→ **Assignment**
Please transcribe the listing below in full and word for word, without its pictures.

→ **Supplied information**
------------------------------

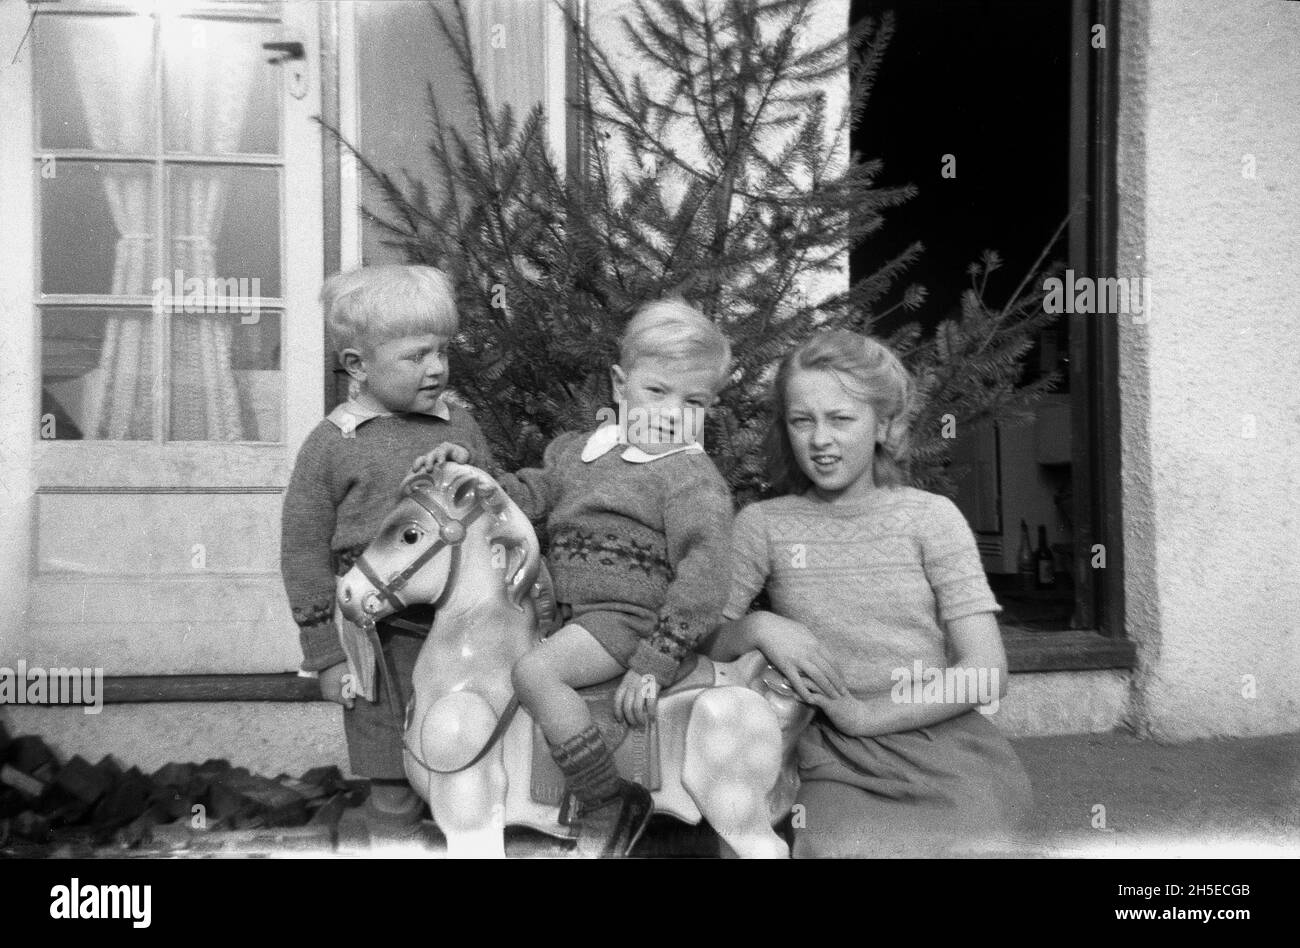 1940s, historical, outside the back of a house, a small boy sitting on a toy rocking horse, with his brother and sister beside him, England, UK, perhaps a xmas present, as there is a Christmas tree leaning against the wall by the back door. Stock Photo
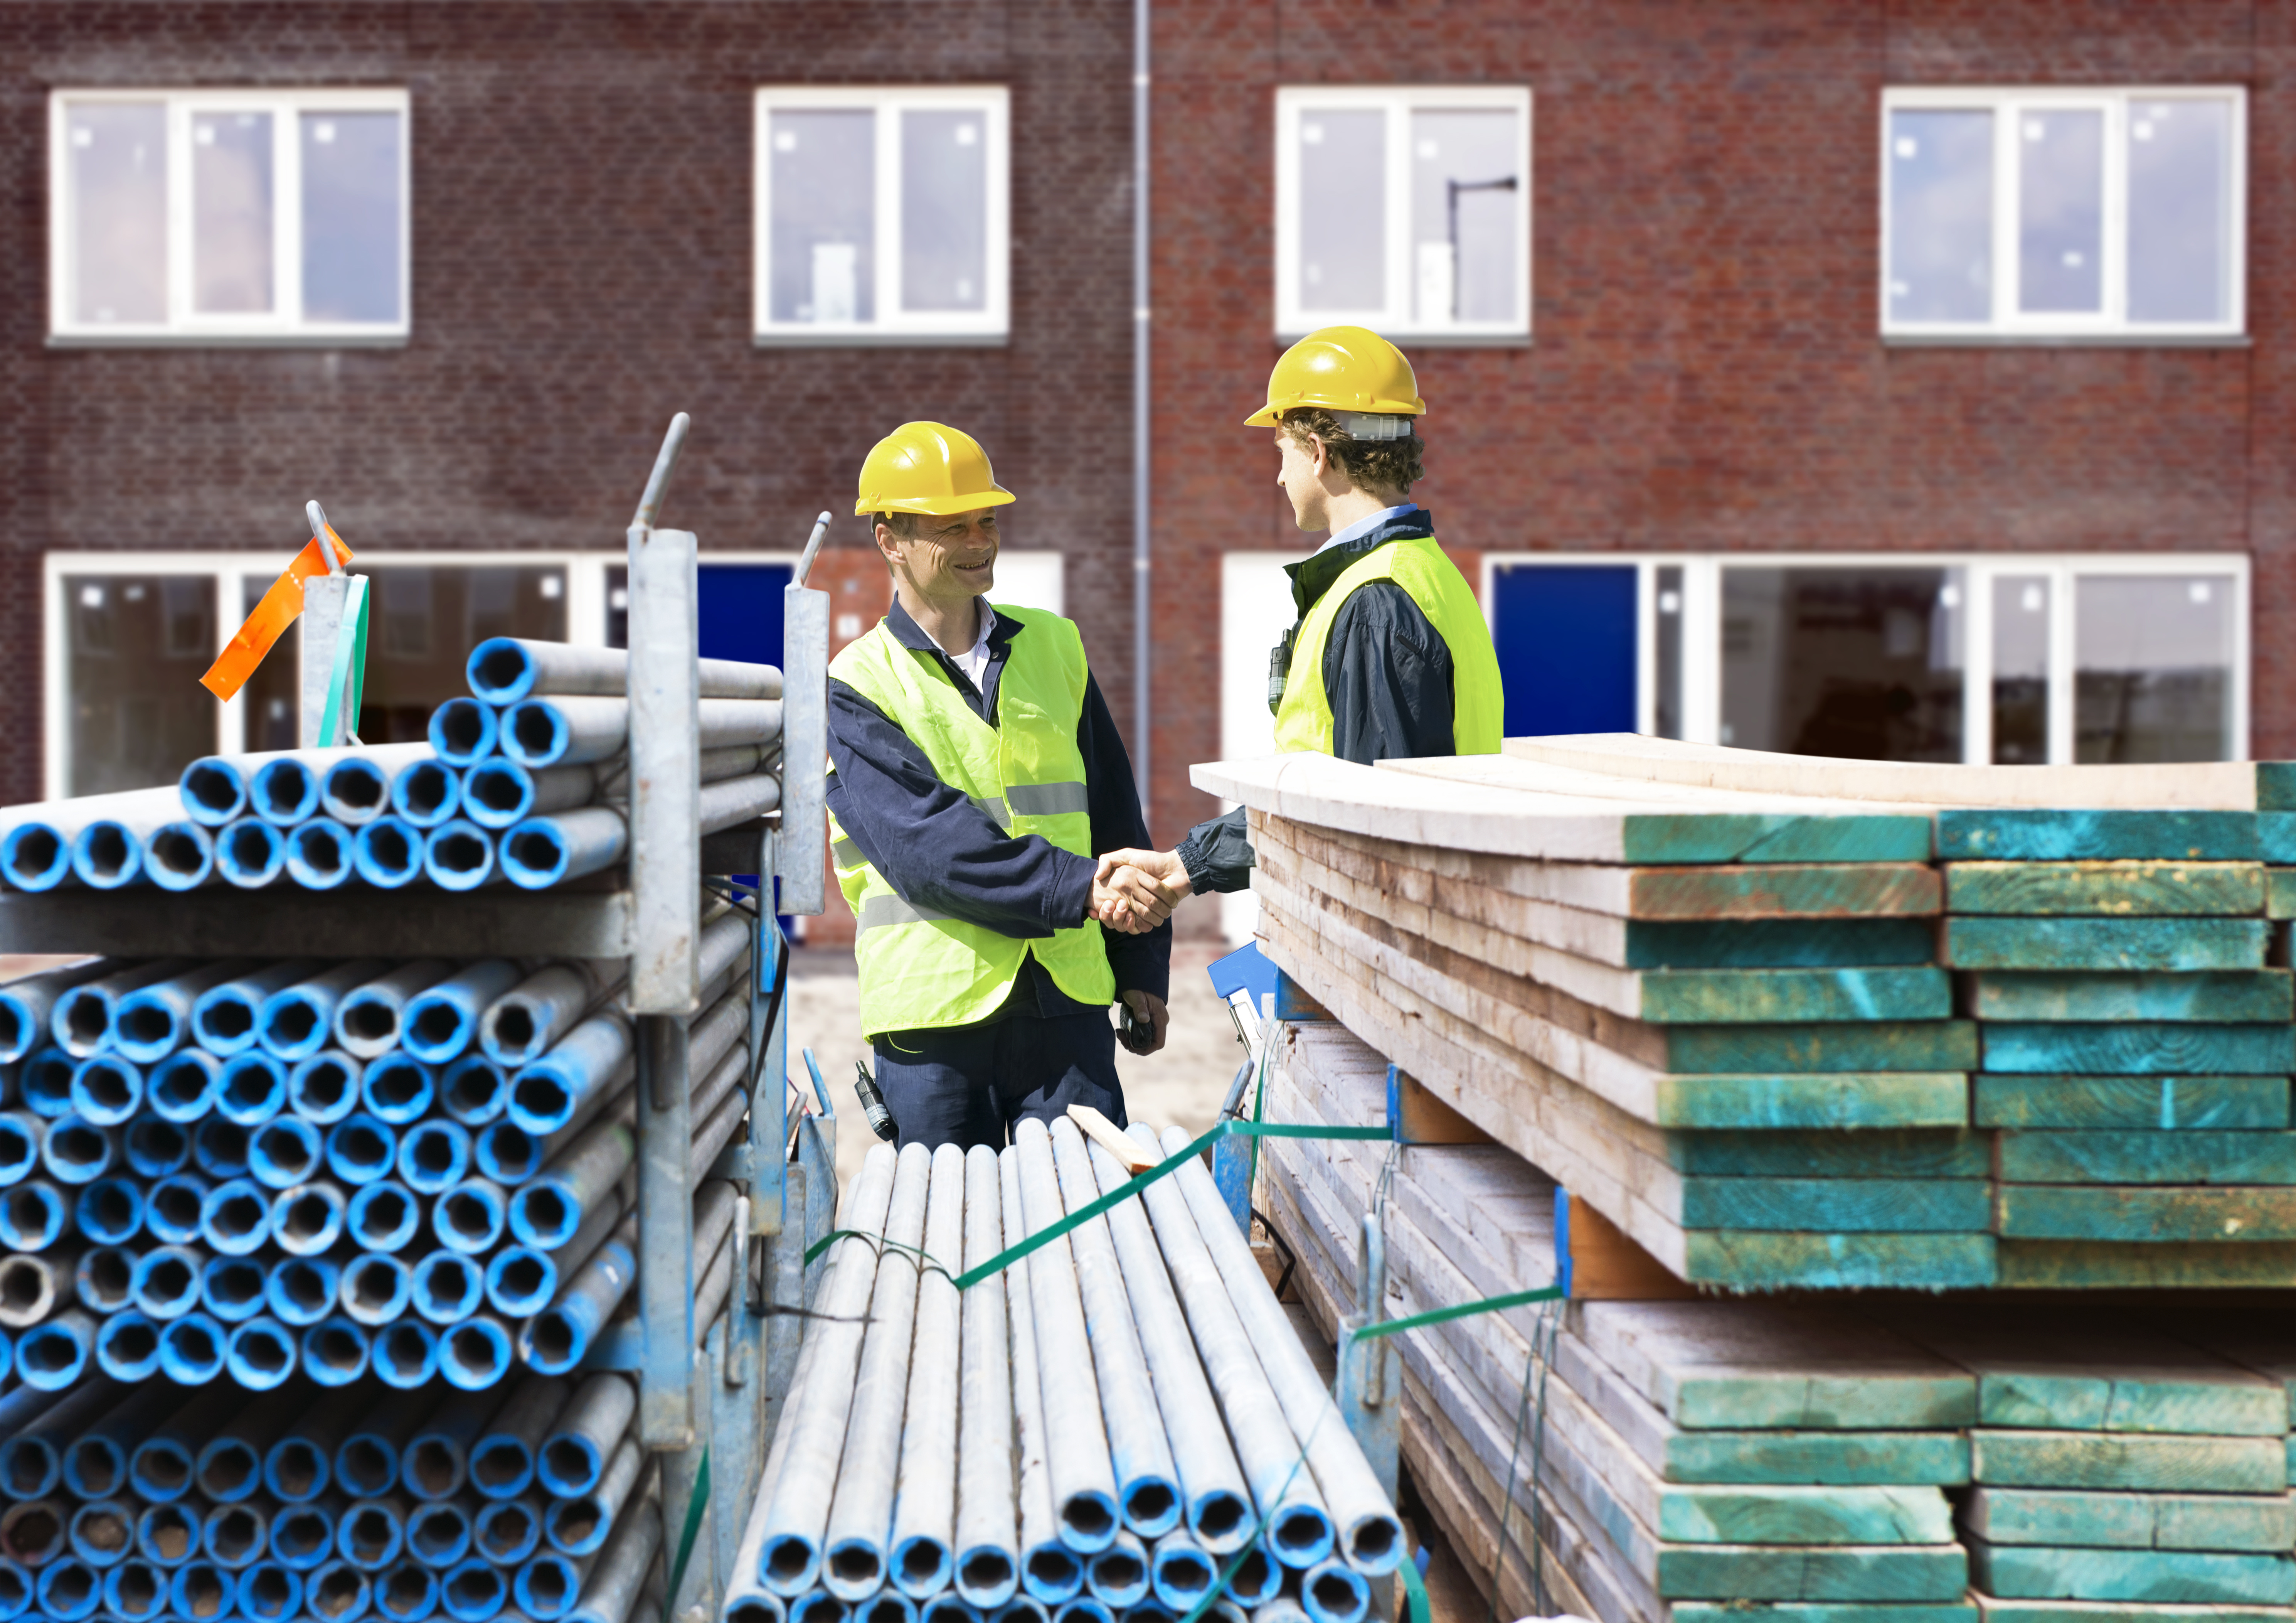 Two building contractors shaking hands behind stacks of scaffolding material, in front of a newly completed residential building complex
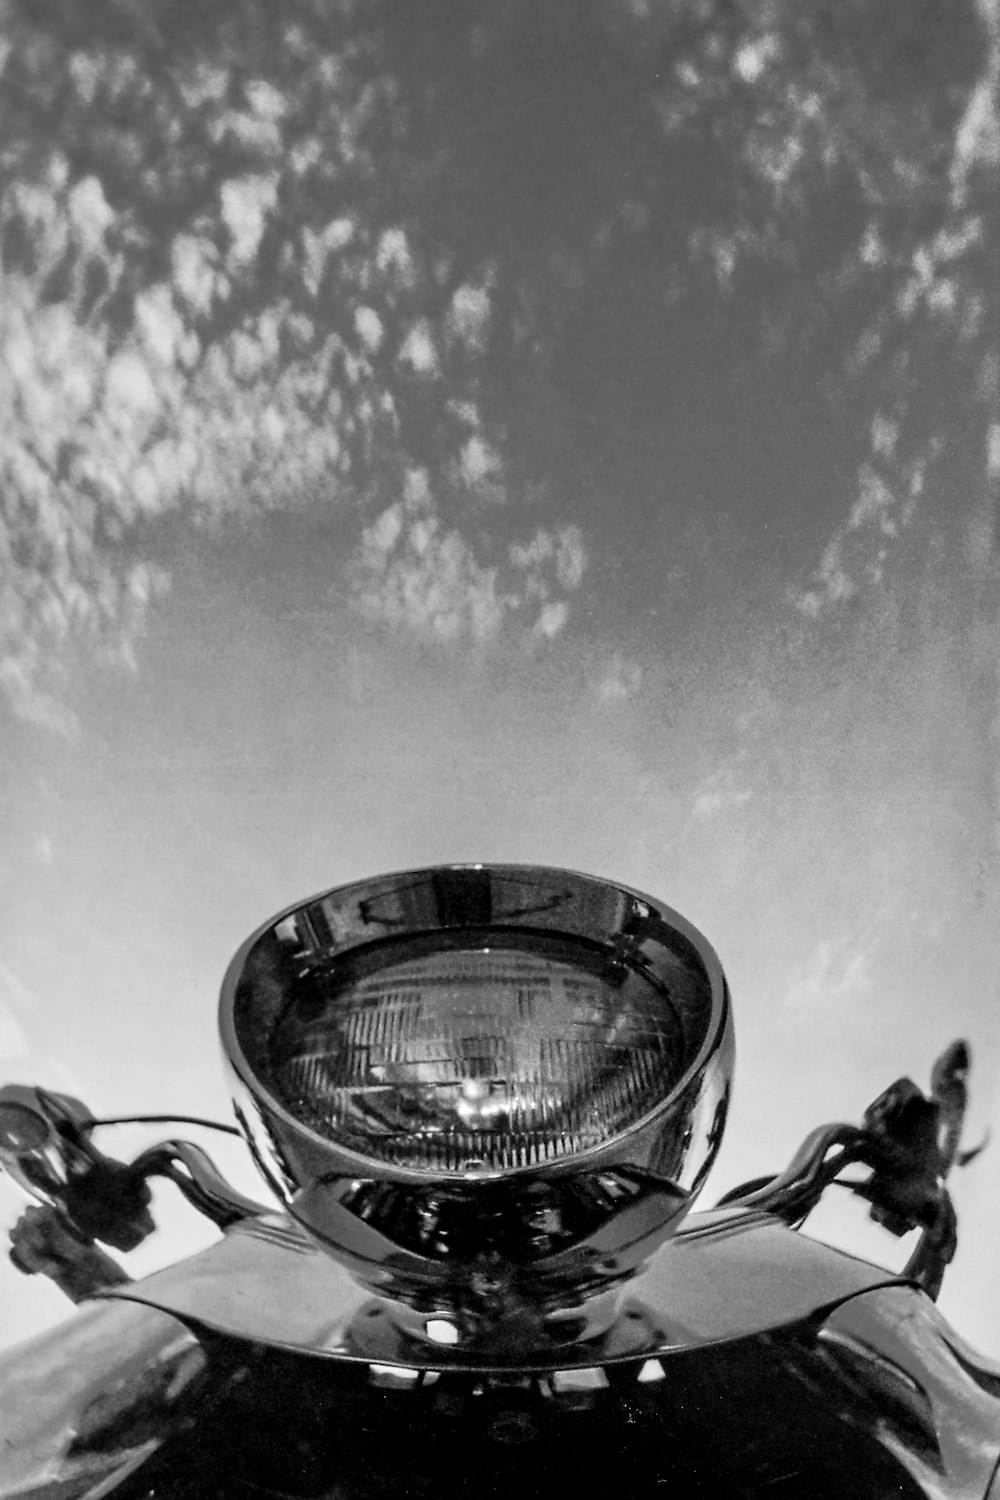 grayscale photo of motorcycle with light

------------------------------

→ **Response to the exercise**
 1940s, historical, outside the back of a house, a small boy sitting on a toy rocking horse, with his brother and sister beside him, England, UK, perhaps a xmas present, as there is a Christmas tree leaning against the wall by the back door. Stock Photo
 Two building contractors shaking hands behind stacks of scaffolding material, in front of a newly completed residential building complex
 grayscale photo of motorcycle with light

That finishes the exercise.